In Russia, tobacco use was banned in 1634 except for foreigners in Moscow. Peter the Great—who in England had learned of smoking and the royal monopoly—became the monarch in 1689, however. Revoking all bans, he licensed an English company to import 1.5 million pounds of tobacco per year, the monarchy receiving 28,000 pounds sterling annually.

Asia

The Japanese were introduced to tobacco by Portuguese sailors from 1542.

Tobacco first arrived in the Ottoman Empire in the late 16th century, where it attracted the attention of doctors and became a commonly prescribed medicine for many ailments. Although tobacco was initially prescribed as medicine, further study led to claims that smoking caused dizziness, fatigue, dulling of the senses, and a foul taste/odour in the mouth.

A tobacco plantation in Queensland, in 1933.
 
Sultan Murad IV banned smoking in the Ottoman Empire in 1633. When the ban was lifted by his successor, Ibrahim the Mad, it was instead taxed. In 1682, Damascene jurist Abd al-Ghani al-Nabulsi declared: "Tobacco has now become extremely famous in all the countries of Islam ... People of all kinds have used it and devoted themselves to it ... I have even seen young children of about five years applying themselves to it." In 1750, a Damascene townsmen observed "a number of women greater than the men, sitting along the bank of the Barada River. They were eating and drinking, and drinking coffee and smoking tobacco just as the men were doing."

Australia

Although Nicotiana suaveolens is native to Australia, tobacco smoking first reached that continent shores when it was introduced to northern-dwelling Indigenous communities by visiting Indonesian fishermen in the early 18th century.
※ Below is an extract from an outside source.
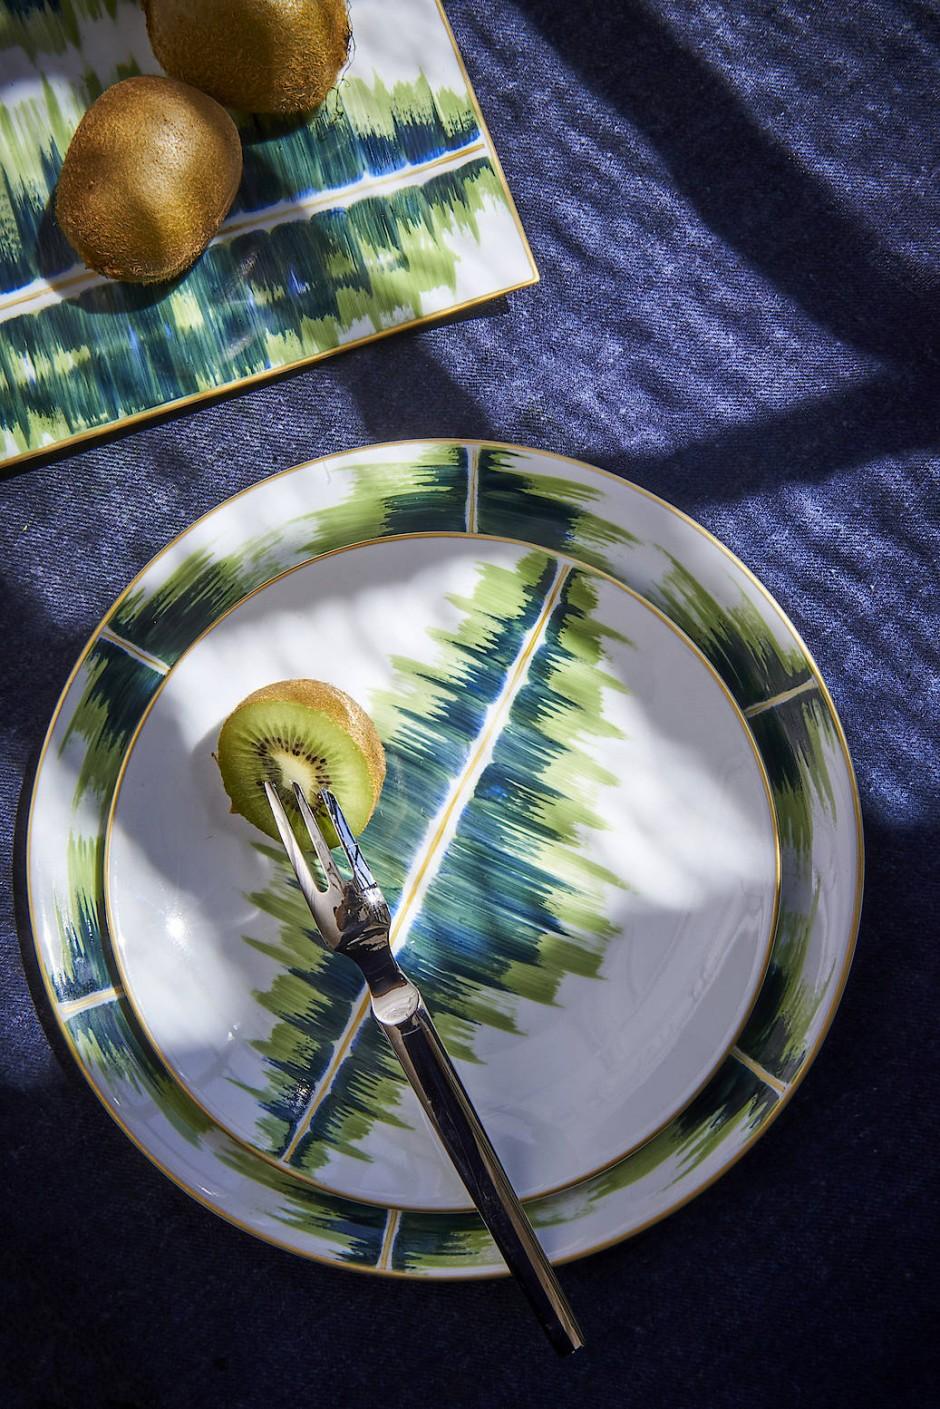 Daâge setzt in ihrer Porzellankollektion auf Farbe.

British patterns of tobacco use were transported to Australia along with the new settlers in 1788; and in the years following colonisation, British smoking behaviour was rapidly adopted by Indigenous people as well. By the early 19th century tobacco was an essential commodity routinely issued to servants, prisoners and ticket-of-leave men (conditionally released convicts) as an inducement to work, or conversely, withheld as a means of punishment.

United States

Economic history in the American colonies

In the Eastern United States, gold and silver were scarce, which made it harder for colonists to trade with Native Americans. The cultivation of tobacco in the Chesapeake area was essential to solving this problem. Without silver and gold to trade to the Chesapeake tribes, colonists traded tobacco for essential natural resources. This started in the 1620s. Tobacco was also used as a currency in the colonies, used for paying fines, taxes, and even marriage licenses.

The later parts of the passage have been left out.